3                  The NCC's behaviour is blameworthy

fluxLoop is shocked by the NCCs behaviour in this case. If this case was about minor factual misunderstandings or the similar, which had a natural explanation, fluxLoop could have shown understanding. However, it is fluxLoop's comprehension that the NCC has not shown any interest in trying to understand the services provided by fluxLoop, neither shown any interest in the comprehensive work done by fluxLoop in order to deliver services that comply with the strict requirements following applicable data protection law. Neither has the NCC bothered to contact fluxLoop.

 

Instead, the NCC has chosen to follow a modus operandi which serves the NCCs own agenda only, without taking into consideration the damage such behaviour causes a serious Norwegian start-up company. We also question the role taken by the NCC in the field of data protection law; analysing and concluding in complex questions regarding compliance with data protection law.
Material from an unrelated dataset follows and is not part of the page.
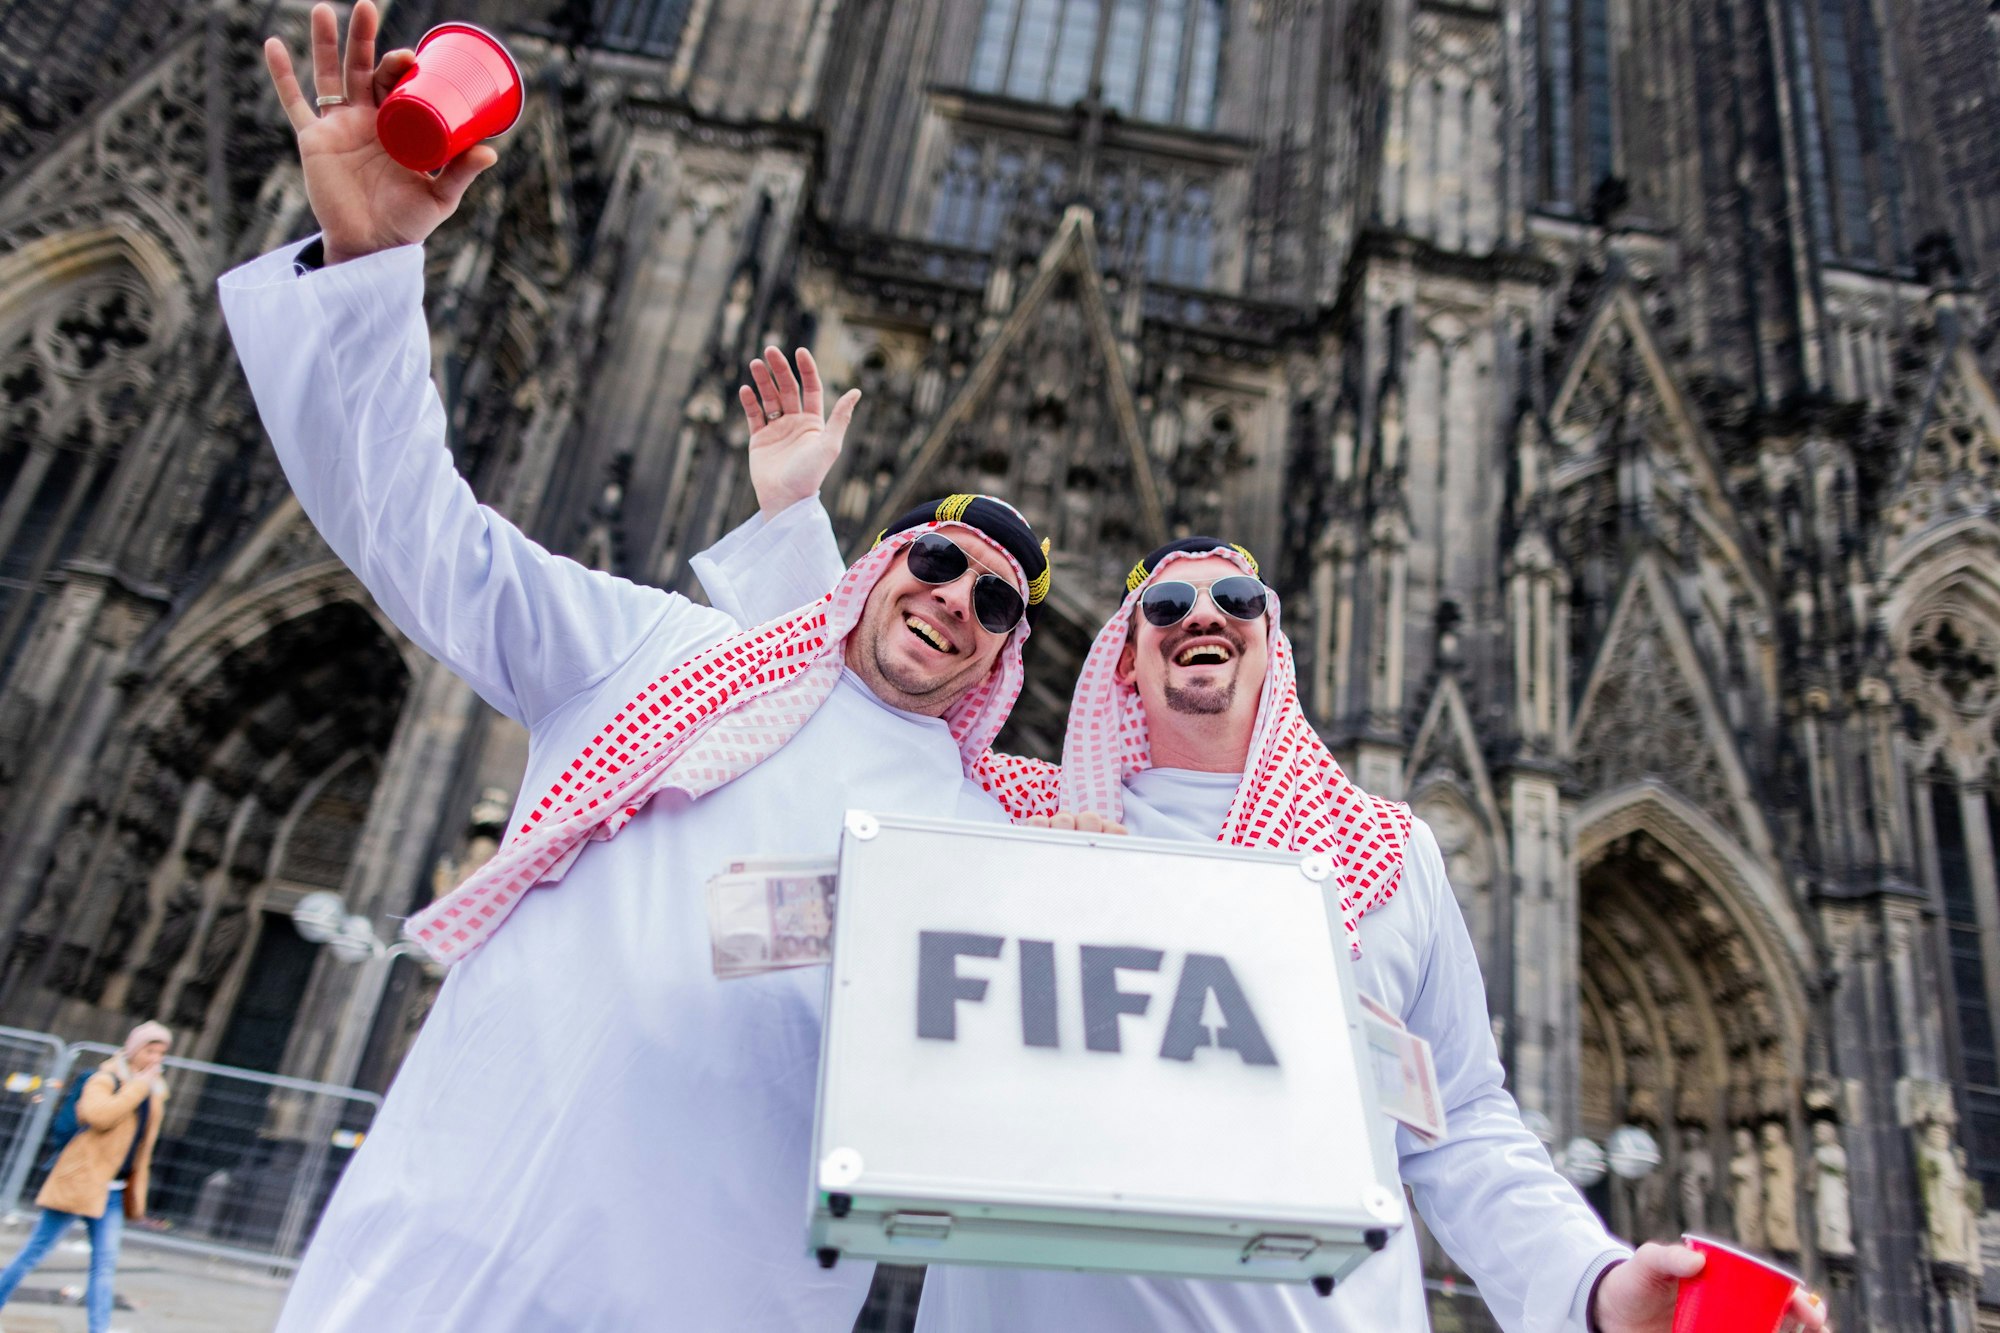 Und auch bei dieser Verkleidung ist der Hintergrund eindeutig: Die beiden Herren sind als Scheich kostümiert und tragen einen Geldkoffer mit FIFA-Aufschrift mit sich. Eine Anspielung auf die kürzlich beendete Fußball-WM in Katar.
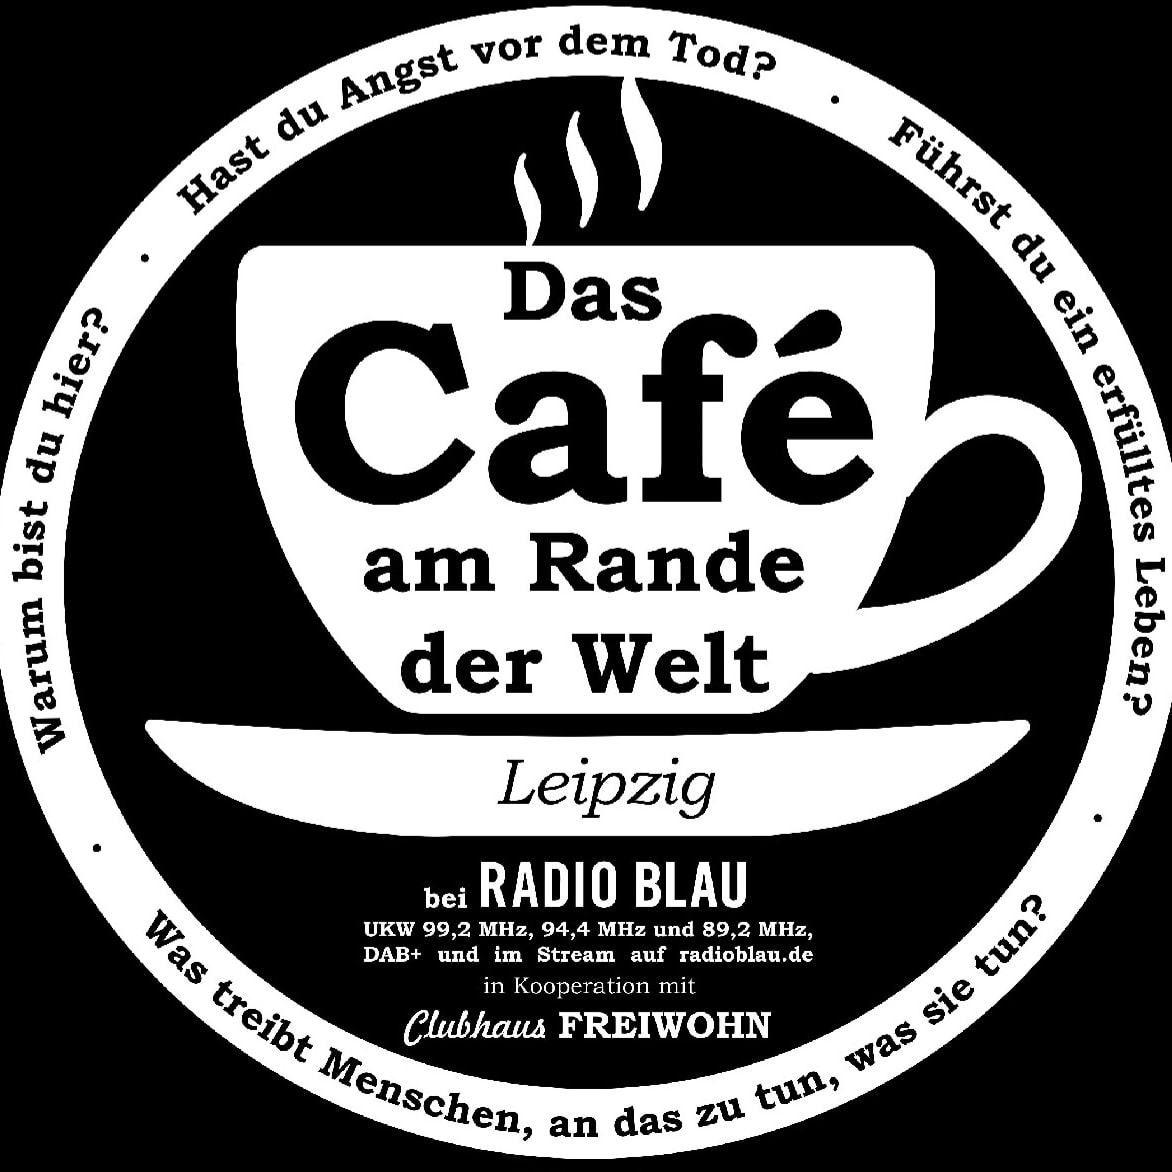 Das Café am Rande der Welt – Leipzig – Sinn des Lebens in der realen Welt (Banner)

The Data Protection Inspectorate – with good traditions of contradiction and a deeper understanding of both facts and law – is the relevant authority, which supervises this field.

 

The NCC has approached the media with the same allegations as presented in the letter; that fluxLoop operates in defiance with applicable data protection law, i.e. illegally. The way media was approached were utterly tactless. fluxLoop received a message from NRK that fluxLoop was about to receive a letter from the NCC. In other words, this letter was sent NRK before it was sent to fluxLopp and only minutes before Inger Lise Blyverket from the NCC and fluxLoop's Ulrik Prøitz should meet live at"Dagsnytt18".[4]

 

The agenda for the debate program was officially a more general approach to processing of personal data in apps (with Prøitz as an expert in this field), but was then adjusted by the NCC as to put fluxLoop in the stocks based on totally groundless allegations. This indicates a very poor judgement and lack of understanding for the damaging effects such approach to administrative procedures may have on the affected parties. The timing of the letter is also conspicuous. The report was published already in Januar, while the letter is not sent until three months later.

 

The paradox in all this is that the NCC ends its letter with the following sentence: "Please do not hesitate to get back to us if we have misunderstood anything about the practices of FluxLoop.", which may indicate a trace of understanding that the facts may be different, but which is meaningless when the NCC first chooses to approach NRK (the TV channel) with the letter.

 

NCC's behaviour has caused fluxLoop an economic loss by scaring away existing and potential customers and due to the time spent to handle this case. fluxLoop asks the NCC to admit the mistakes committed and to make such apology accessible to the public.

 

Yours sincerely,

Simonsen Vogt Wiig

  

Marit Stubø Jorde

Associate

mst@svw.no

Download document
Photo by 祝 鹤槐 from Pexels

[1] The report is accessible from the following URL: https://fil.forbrukerradet.no/wp-content/uploads/2020/01/mnemonic-security-test-report-v1.0.pdf

[2] The report is accessible from the following URL: https://fil.forbrukerradet.no/wp-content/uploads/2020/01/2020-01-14-out-of-control-final-version.pdf

[3] The data set contains no data that can be directly linked to a natural person, as for example name or phone number. However, the data set contains a unique identifier which may not immediately be linked to a natural person. This identifier is an ID that is generated upon installation of the app and which exists until the app is uninstalled (installation ID)

[4] Dagsnytt18 is a debate program sent by the Norwegian TV channel NRK.